Waste Wars: How the Global North’s Garbage Industry Is Poisoning the Global South h3>
Alexander Clapp’s Waste Wars is an exceptionally frightening and depressing book. Strangely, it is also very inspiring. It inspires in two ways. First, one is awestruck at the journalistic brio and thoroughness Clapp brings to bear on a task he undertook, that of describing the state of garbage in today’s world and of telling us how we got here.
Second, one is inspired by the tantalising possibilities he points to that should help mankind flip a seemingly hopeless situation of being overwhelmed by waste into one of mastering the problem and finding neat, wholesome and sustainable ways to overcome it. There is a wealth of information that makes condensing this book difficult. But this review will focus on some of the big themes that emerge. This will include broad patterns over time, some geographical and geopolitical considerations and those based on the nature of the waste being produced and disposed.

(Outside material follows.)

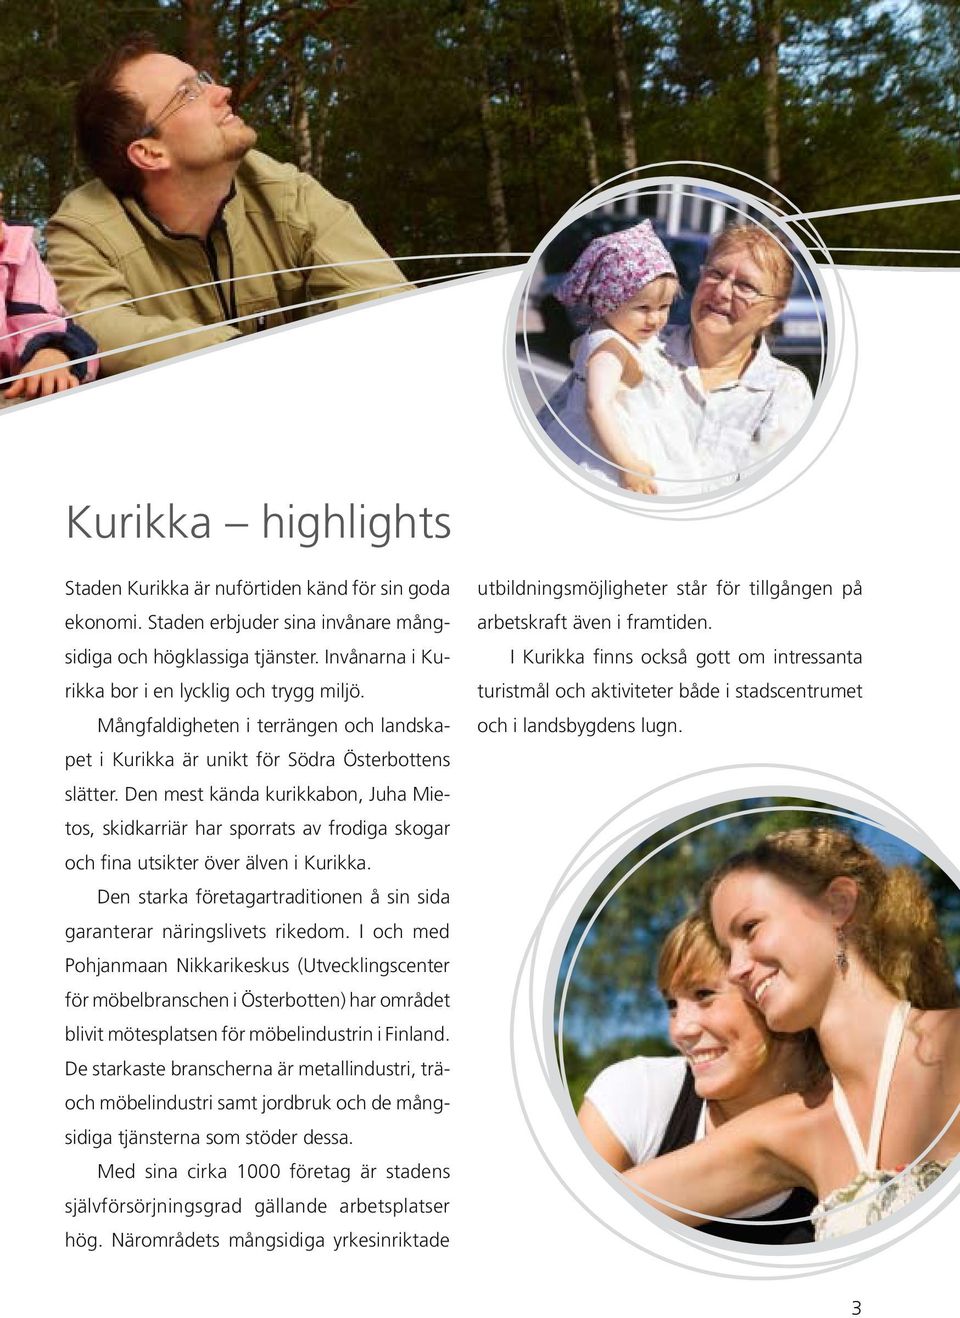 Den mest kända kurikkabon, Juha Mietos, skidkarriär har sporrats av frodiga skogar och fina utsikter över älven i Kurikka. Den starka företagartraditionen å sin sida garanterar näringslivets rikedom.

Often these overlap. One clear pattern is that as soon as the pesticide industry emerged and the dangers of its safe disposal were understood, something that Rachael Carson drew the world’s attention to, the manufacturers began cleaning up their backyard. Environmental laws were put in place and mechanisms to monitor compliance were set up. But there was a crucial lapse. The laws only applied to the US and later to some other parts of the Global North.
For the rest of the world, the Global South, the default assumption was that they would receive all the waste that an ever-burgeoning industrial world generated. Soon USAID began despatching large stockpiles of waste to India, Ethiopia, Indonesia and Haiti. The place did not matter so long as it was far from the US.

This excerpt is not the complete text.